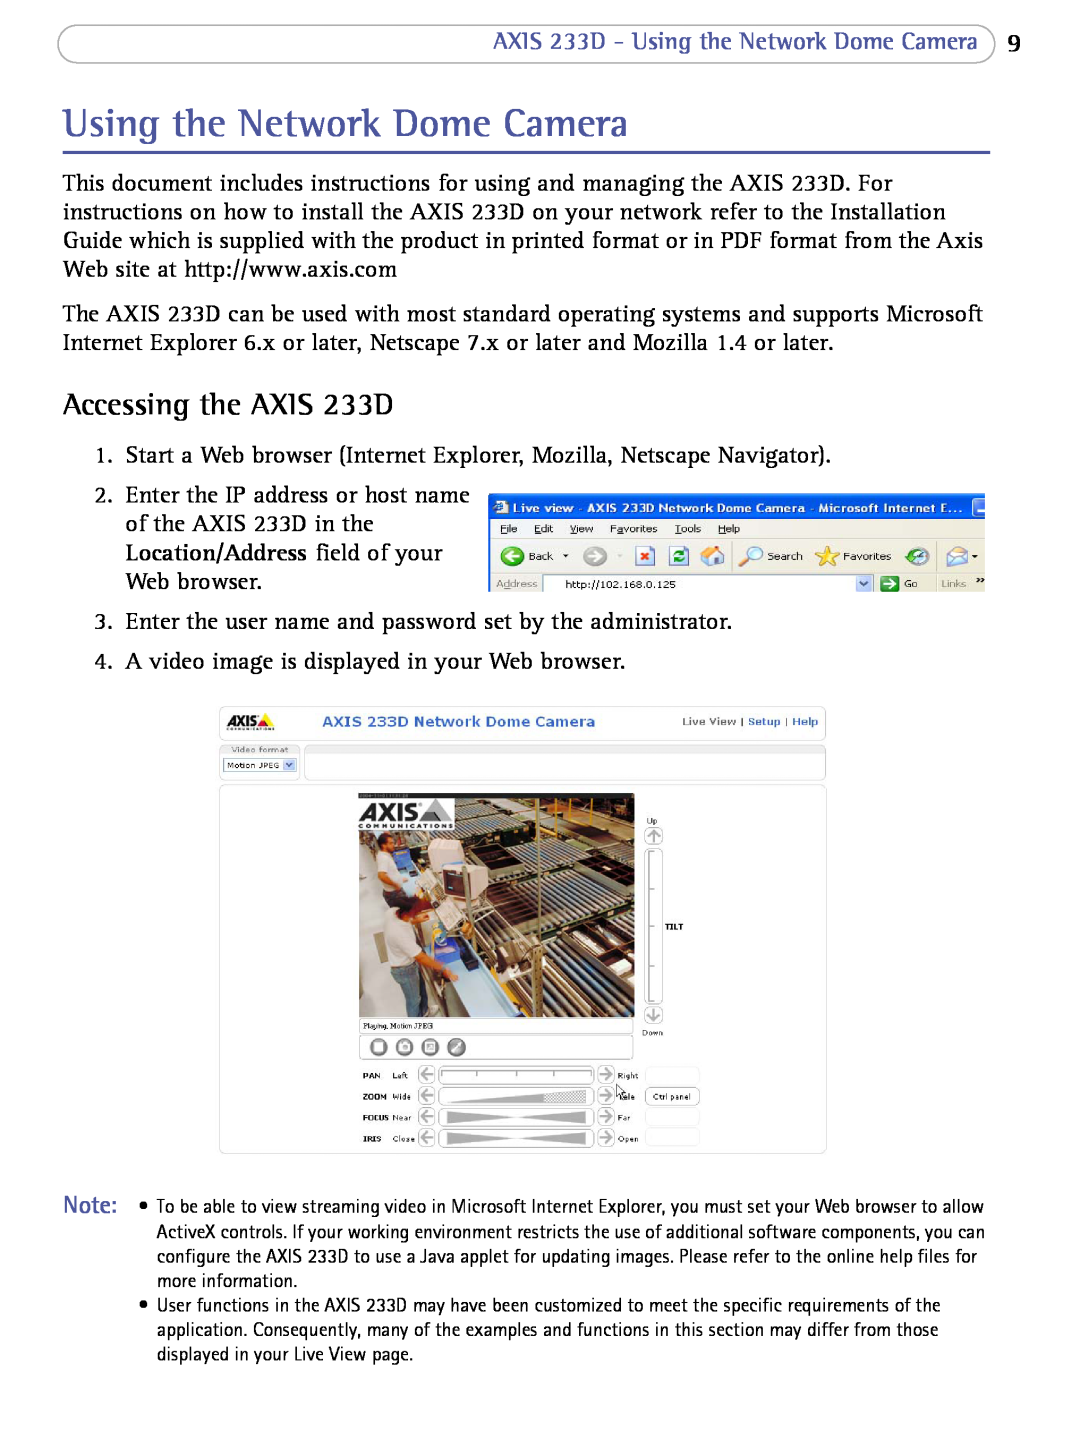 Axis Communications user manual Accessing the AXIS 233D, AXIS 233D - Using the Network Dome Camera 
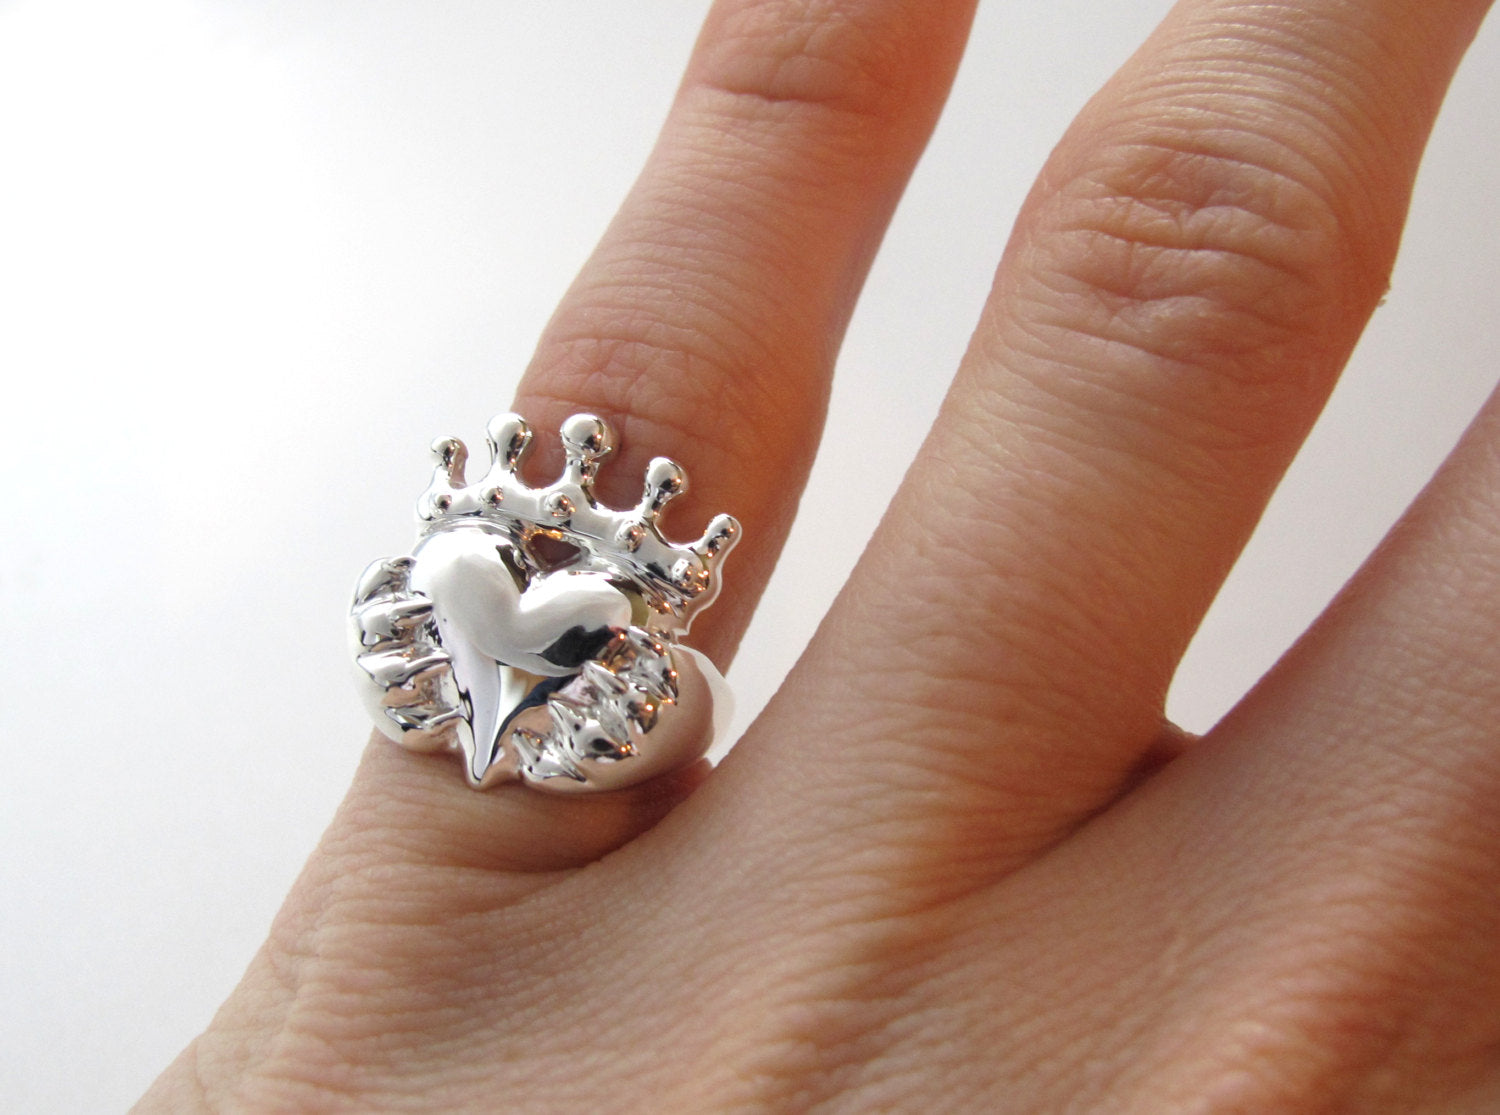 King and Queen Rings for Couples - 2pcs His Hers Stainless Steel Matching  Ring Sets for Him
==
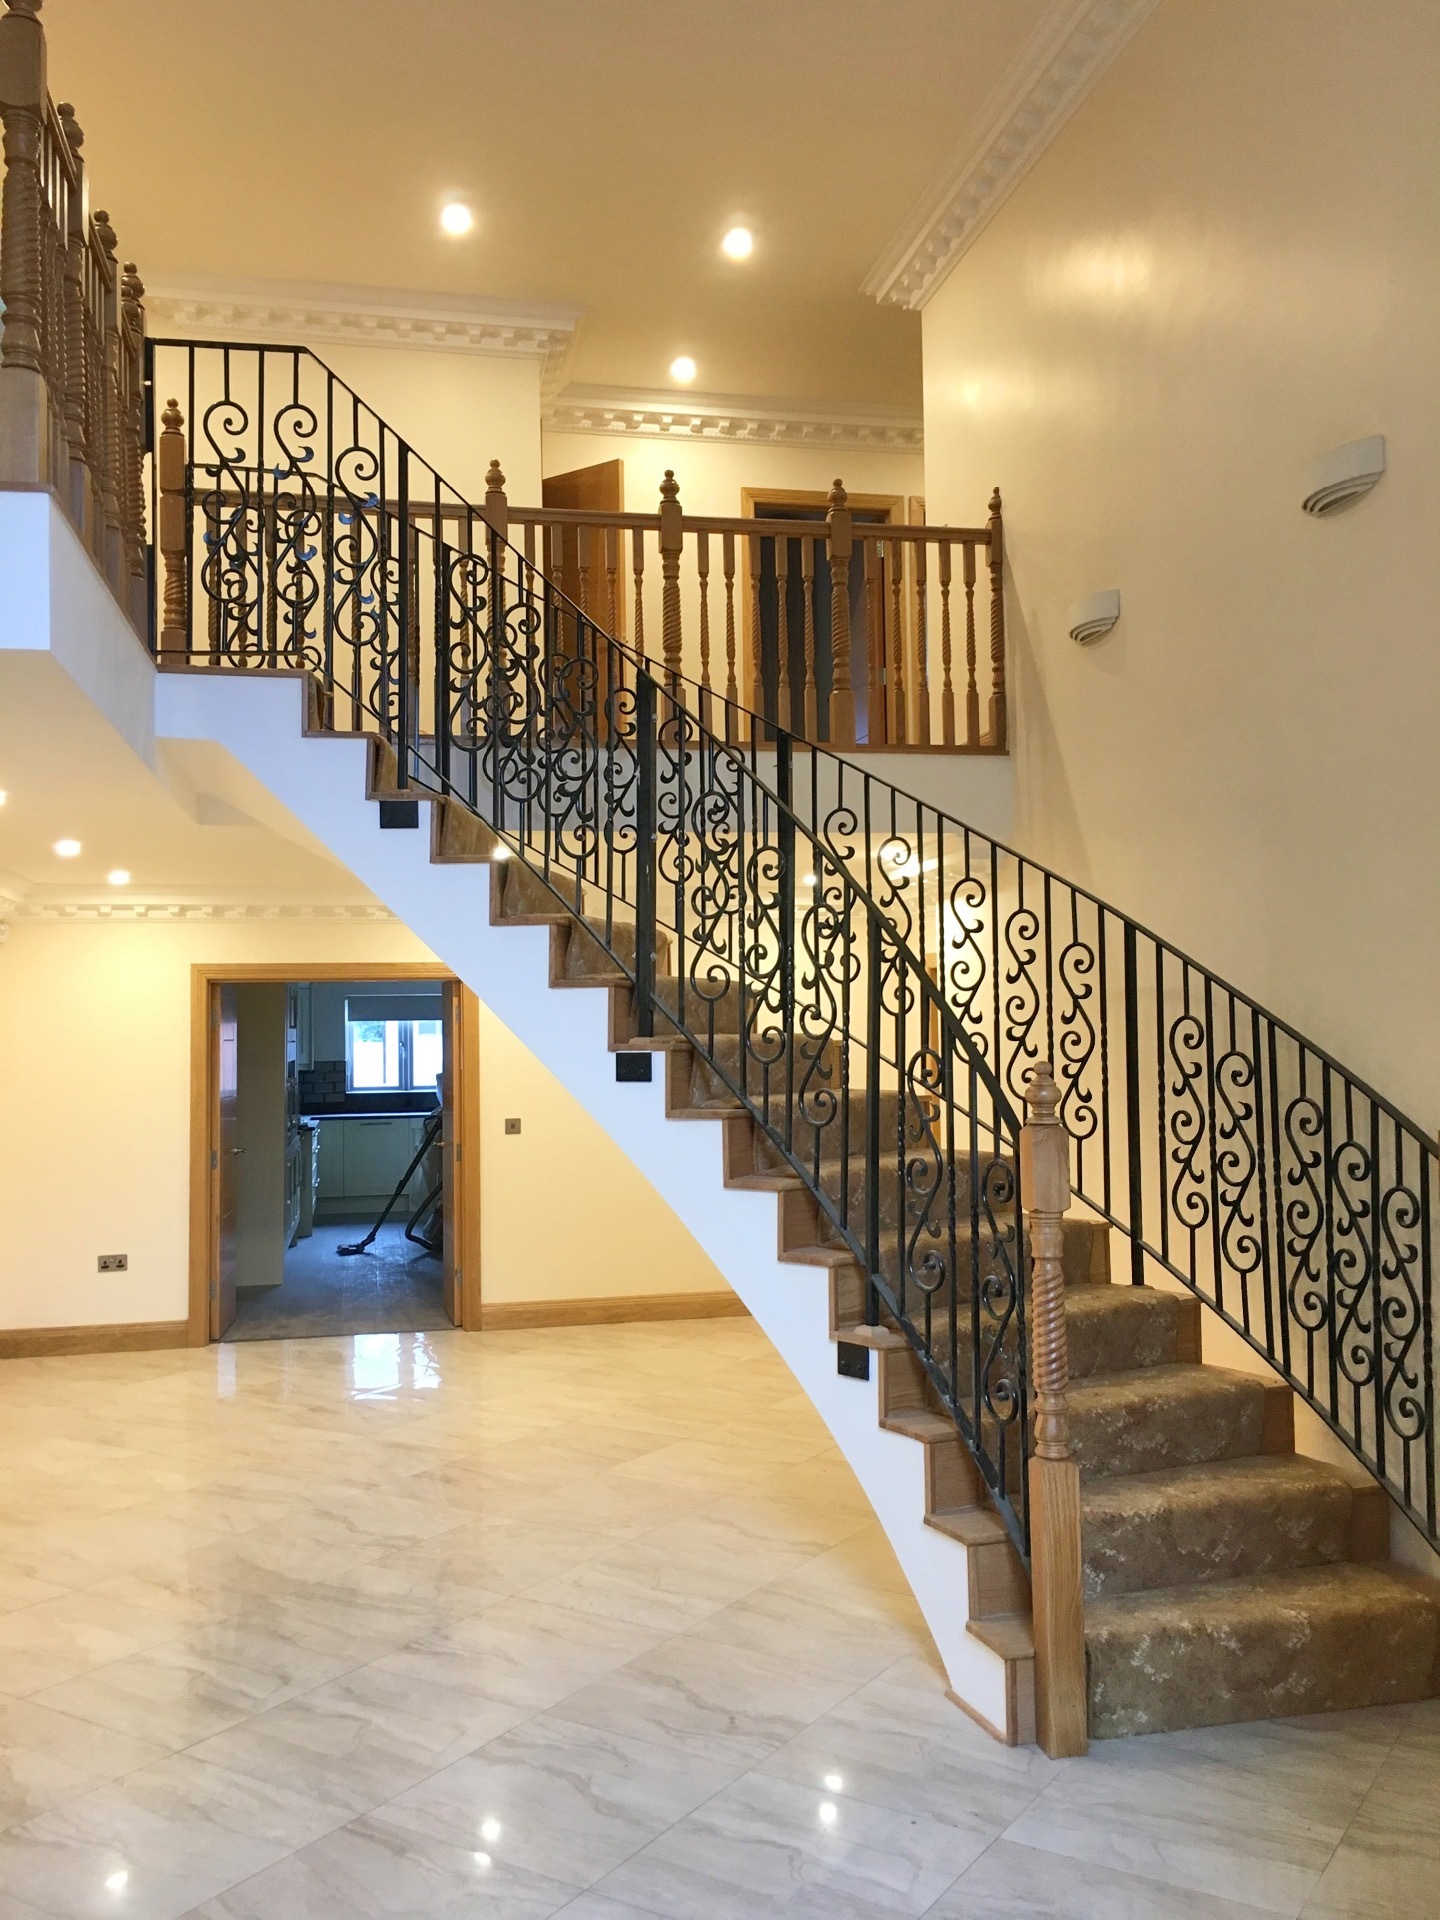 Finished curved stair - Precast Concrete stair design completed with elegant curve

◆ Task goal
Beginning with the line that contains "Axis Communications user" and ending with the line that contains "King and Queen", reproduce the listing exactly, pictures excluded.

◆ Exercise answer
 Axis Communications user manual Accessing the AXIS 233D, AXIS 233D - Using the Network Dome Camera 
 King and Queen Rings for Couples - 2pcs His Hers Stainless Steel Matching  Ring Sets for Him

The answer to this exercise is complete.